Иного не желаю. Часть третья (СИ) - Лошкарёва Виктория Витальевна
А ещё иногда выбиралась в Монако – как правило, на праздники полнолуний.
Когда после моего первого оборота внутри меня появилась нужда иногда перевоплощаться в волчицу, Этьен сам предложил мне выбрать какую – нибудь другую часть его стаи для того, чтобы отмечать праздник Луны. Я не могла себе даже представить, чтобы вернуть на полнолуние в его замок, да он и не настаивал.
Этьен сам предложил связаться с Баевыми, поместье которых находилось неподалеку. Но, несмотря на всю ту помощь, которую мне когда-то оказывали Кирилл Владимирович и Настя, теперь, после того, как я заглянула в мысли Этьена, я испытывала огромную неловкость за свои действия в прошлом. Беременные, бывает, иногда ведут себя странно… только этим сейчас я и оправдывала своё желание провести экстренное кесарево.
Какое же счастье, что Этьен этому помешал.
Признаюсь, в настоящем, я стыдилась многого из того, что сотворила за время своей беременности… И тот мой финт с Гильермо. Будто я не догадывалась, что ему это может очень дорого обойтись.

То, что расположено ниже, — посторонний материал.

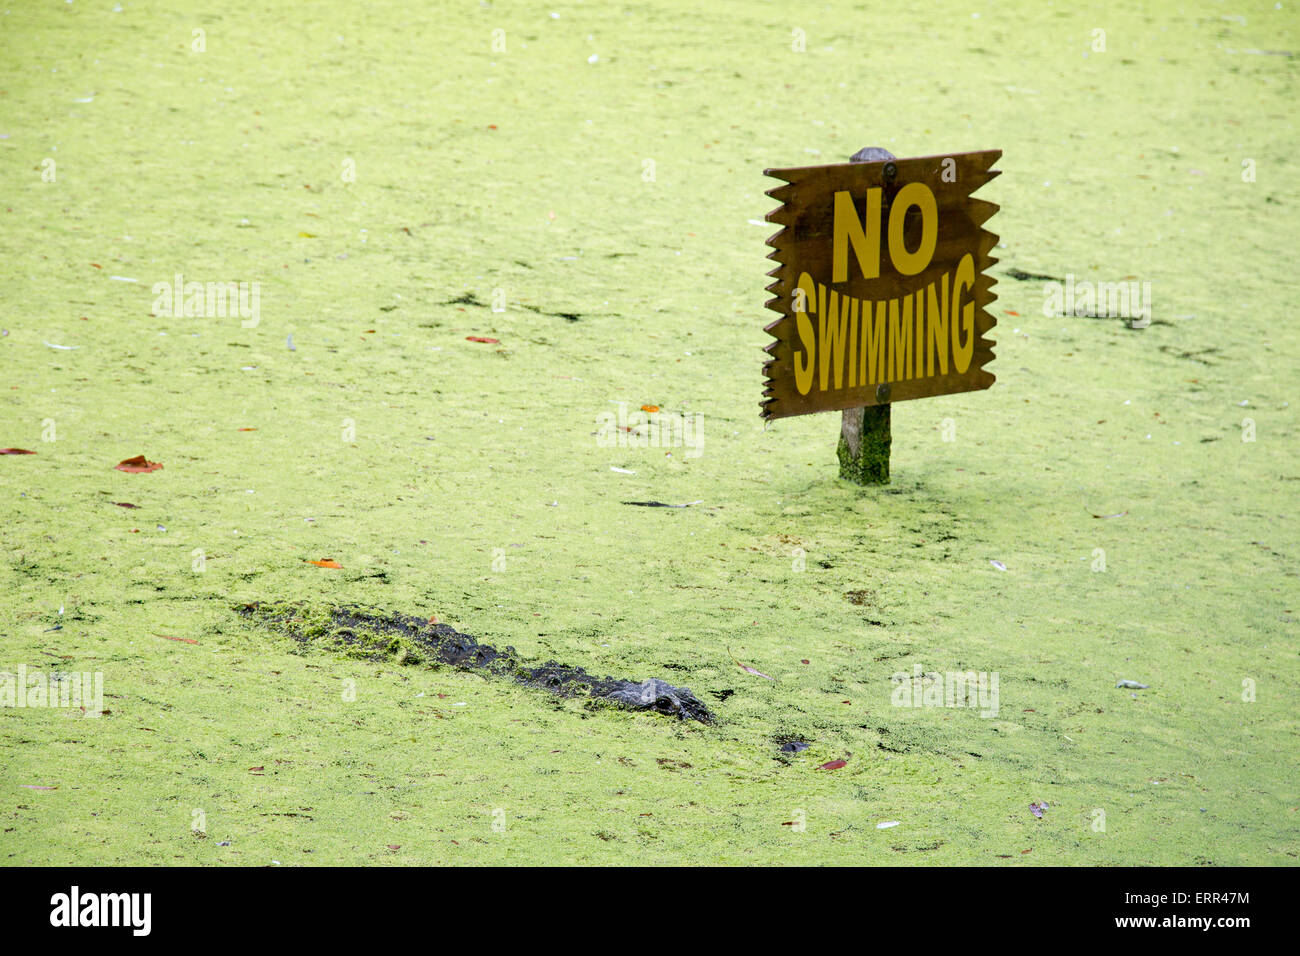 Homosassa Springs, Florida - An alligator in a lagoon next to a 'No Swimming' sign at Homosassa Springs Wildlife State Park. Stock Photo

Последнее меня особенно сильно угнетало. Я вела себя как идиотка – а за мою дурную ошибку расплатился другой человек.
— Бета, наверное, каждый день благословляет тот момент, когда ты решила провести над ним свои опыты, — хмуро заметил Валуа – видимо, подслушавший мои мысли. – Благодаря тебе он нашёл свою истинную.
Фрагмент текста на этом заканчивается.